Turner syndrome is rare genetic disorder that’s found only in girls. It can cause problems ranging from short height to heart defects. Sometimes, the symptoms are so mild that women don’t get a diagnosis until they are teens or young adults.
The condition can cause symptoms throughout your life, but treatments and continued research help people manage their condition.
What Causes It?
Turner syndrome happens when a female is missing certain genes that are normally on the X chromosome. (Females have two X chromosomes. Males have an X and a Y).
Some girls with Turner are actually missing a whole copy of the X chromosome. For others, just part of one containing the particular set of genes is missing.
Research has found that almost 99% of babies missing the chromosome are miscarried.

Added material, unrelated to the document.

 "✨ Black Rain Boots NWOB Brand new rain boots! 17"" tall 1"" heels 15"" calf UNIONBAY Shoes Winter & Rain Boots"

But about 1% of the time, these babies are born, and they have the syndrome.
About 70,000 U.S. women and girls live with it.

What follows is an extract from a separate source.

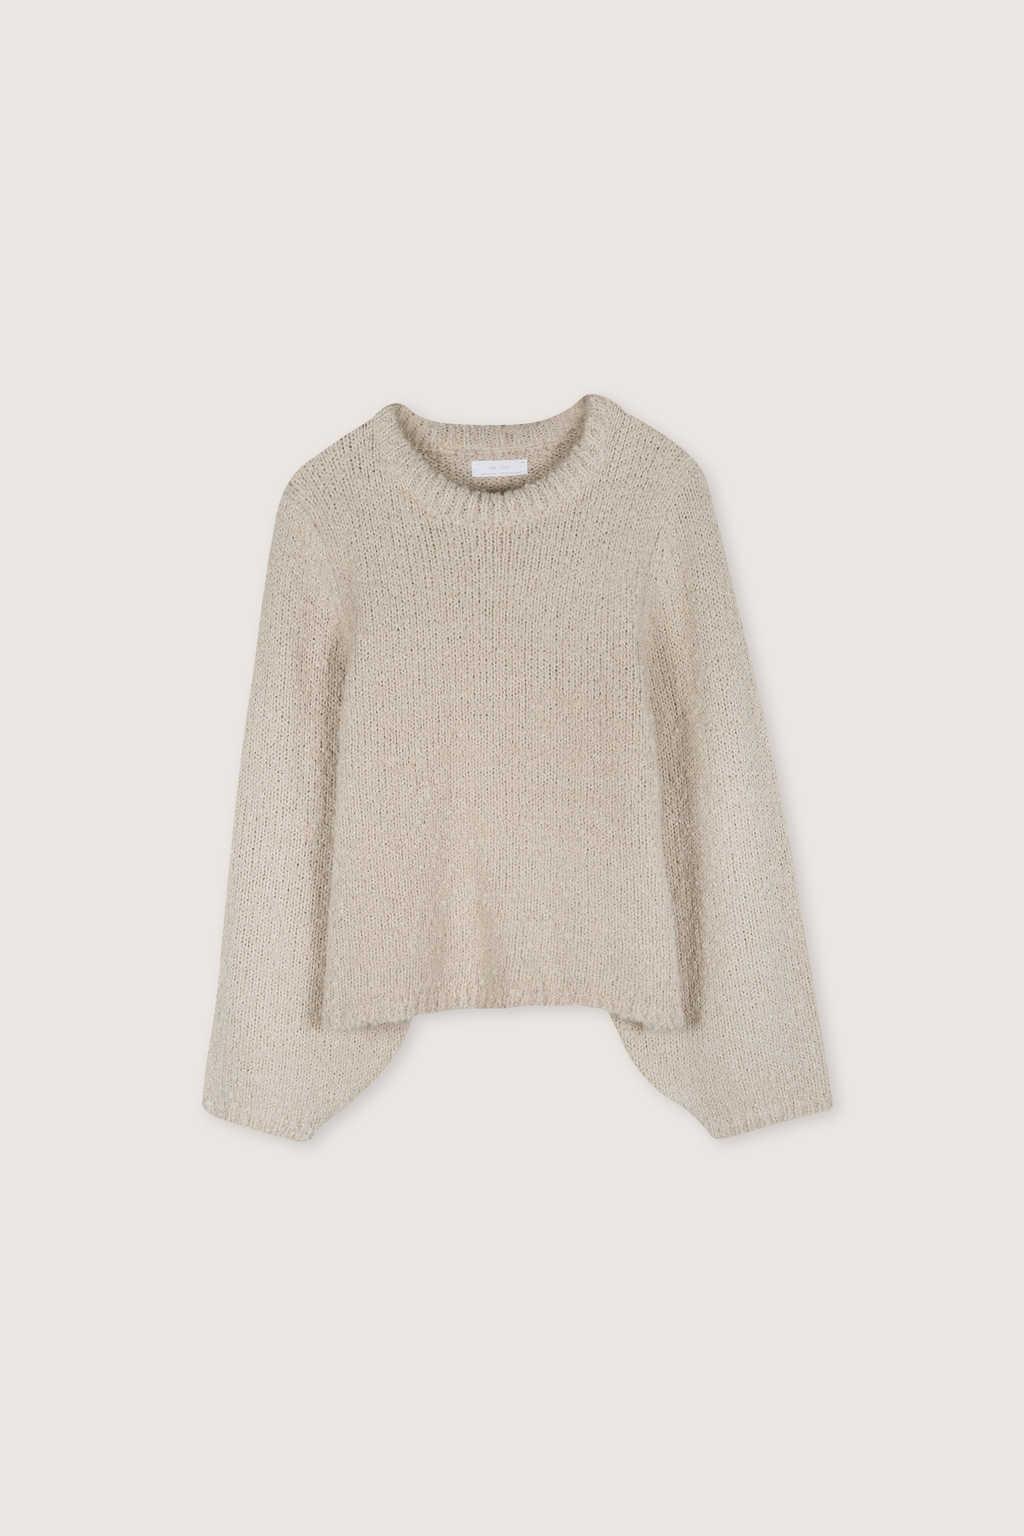 Sweater 1953 Gray 6
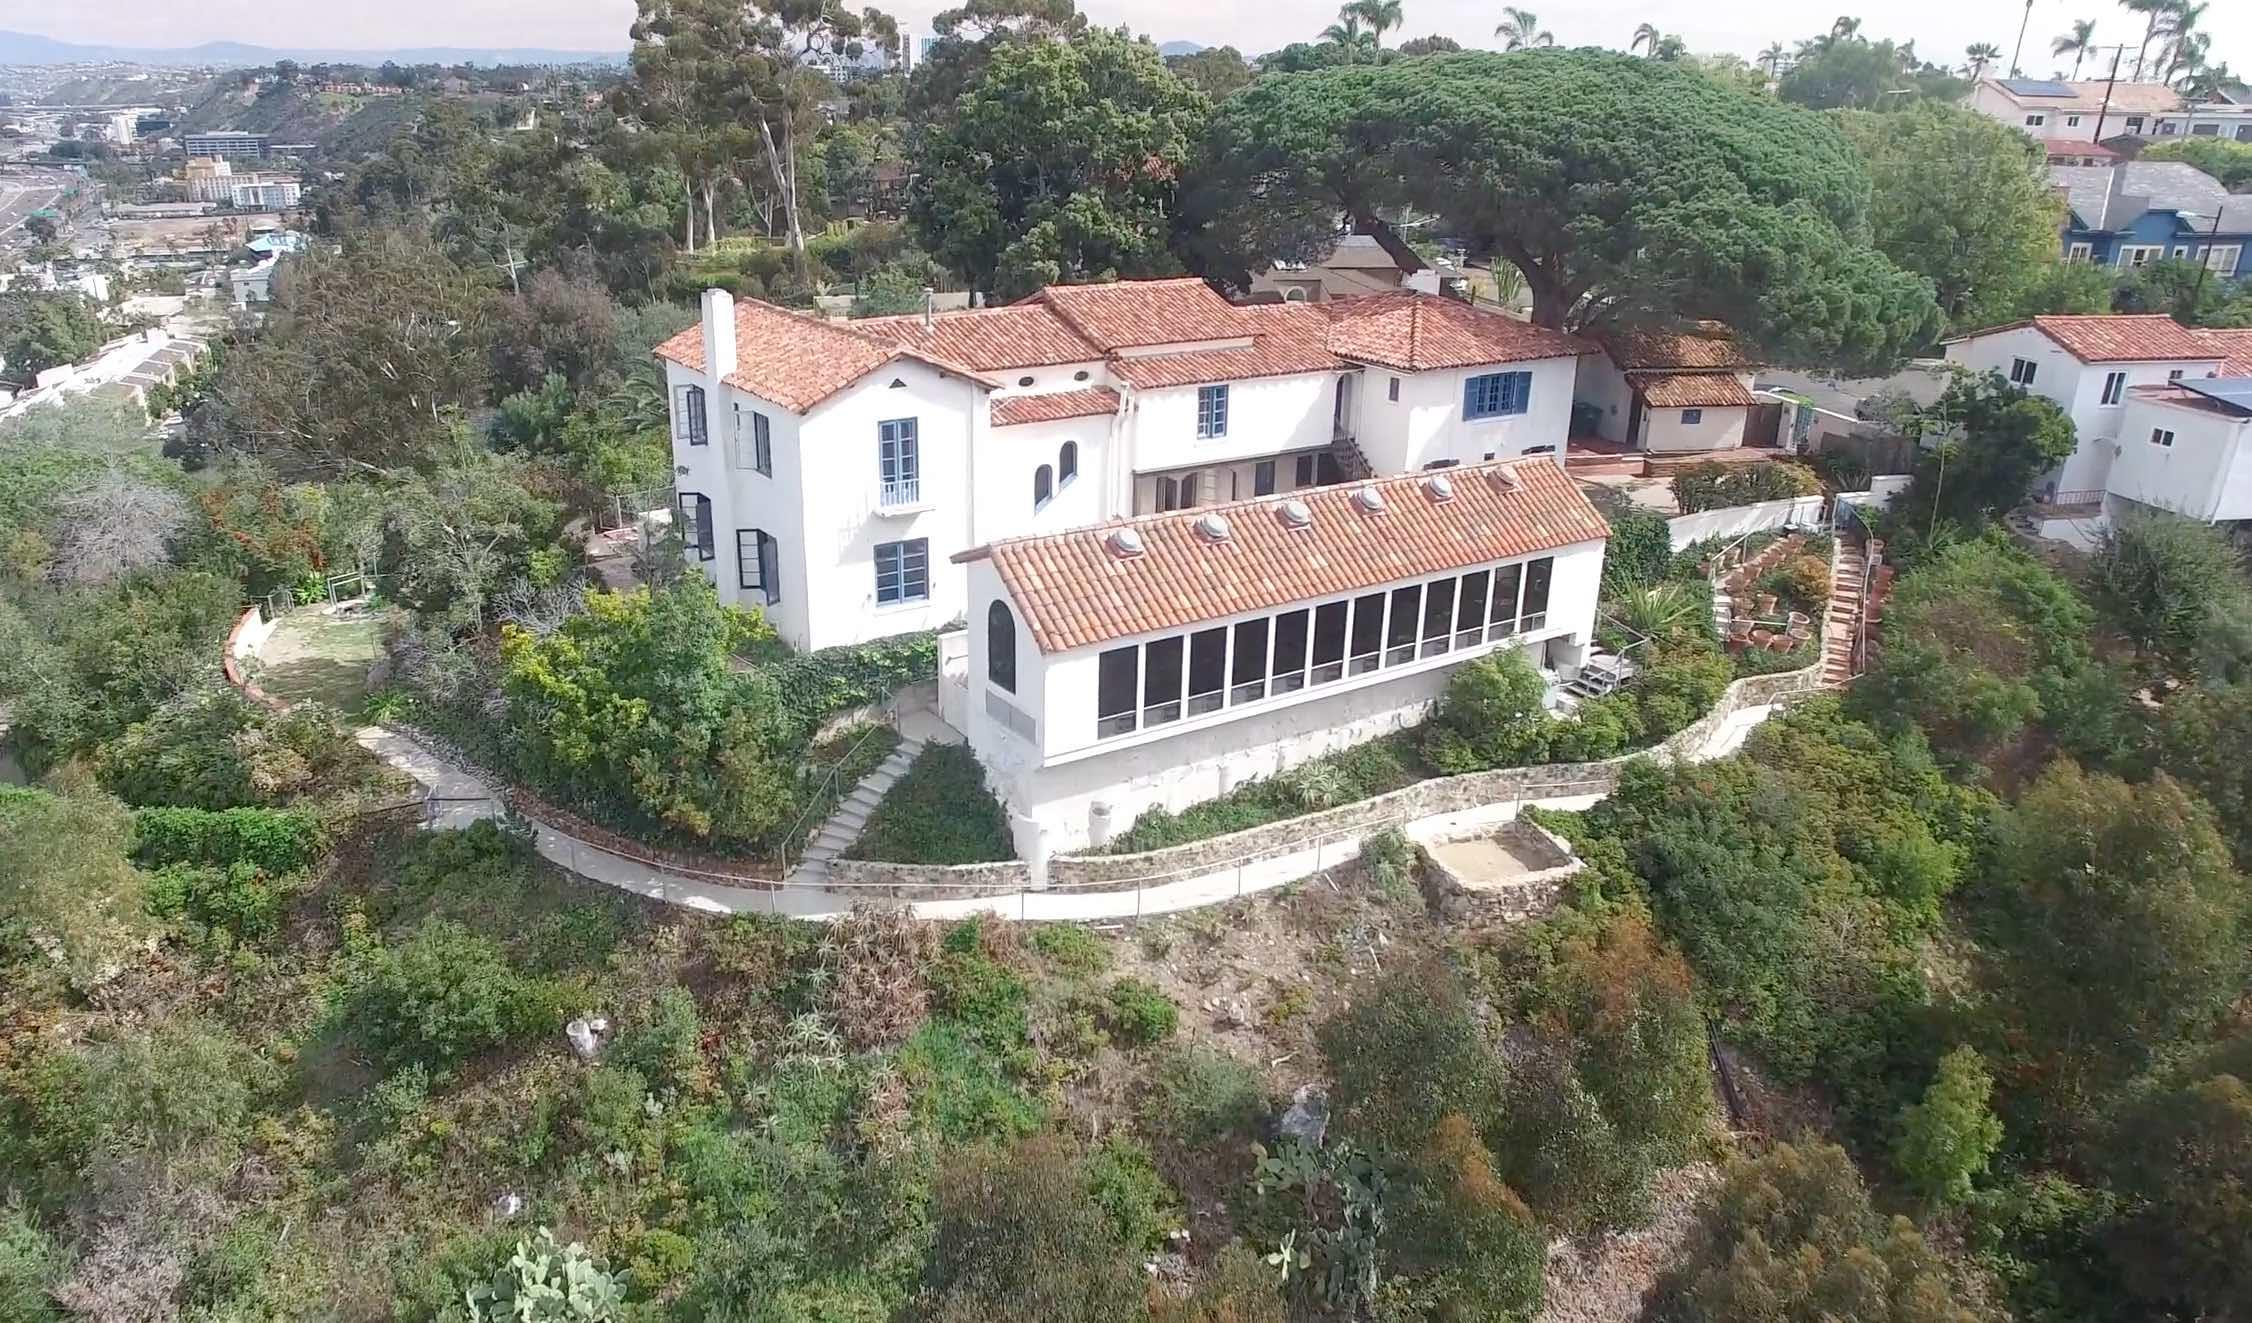 Villa-Hermosa-Aerial-5

Signs of Turner syndrome can start even before birth, and they give parents some idea that their baby might be born with the condition. An ultrasound of a baby with it may show heart and kidney problems or a buildup of fluid.
At birth or during infancy, girls might have a number of physical features that point to the condition. Swollen hands and feet or smaller than average height at birth are among them. Others include:
- A wide or weblike neck with extra folds of skin
- Receding or small lower jaw and a high, narrow roof of the mouth (palate)
- Low-set ears and a low hairline
- Broad chest with widely spaced nipples
- Arms that turn outward at the elbows
- Short fingers and toes and narrow fingernails and toenails
- Delayed growth
In older females, throughout the lifespan, symptoms can continue, and may include:
Beginning at birth and continuing throughout a person’s life, Turner syndrome can be linked with other health conditions, including heart, kidney, immune, and skeletal problems. Problems might include:
- Heart problems because of its physical structure
- Increased chance of diabetes and high blood pressure
- Hearing loss
- Kidney problems that can raise the chance of high blood pressure and urinary tract infections
- Immune disorders such as diabetes, inflammatory bowel disease, and hypothyroidism (when your thyroid gland can’t make enough hormone to keep your body running as it should)
- Bleeding in the digestive tract
- Dental and vision problems
- Scoliosis, which is a curving of the spine, and osteoporosis, which causes brittle bones
- Learning disabilities
Diagnosis and Testing
If an ultrasound shows something abnormal while you’re pregnant, your doctor may want you to get an amniocentesis. This is when protective fluid that surrounds a baby is taken from the uterus. Your doctor also may order a test of maternal blood. This can help find out whether the baby is missing all or part of an X chromosome.
Because of the problems linked to Turner syndrome, doctors will also often suggest tests for the kidneys, heart, and hearing.
Medical care often calls for a team of specialists that’s built around the specific needs of each person, because the cases vary so widely.
There’s no cure, but most girls will take the same main therapies during childhood and the teen years. These are:
- Growth hormone , given as an injection a few times a week, to increase height as much as possible.
- Estrogen therapy, beginning around the time of puberty until a woman reaches the average age of menopause. This hormone treatment can help a woman grow and reach adult sexual development.
Almost all women with the condition need fertility treatments to become pregnant. And carrying a child can come with health risks. If you have Turner syndrome, you should discuss those issues with your doctor.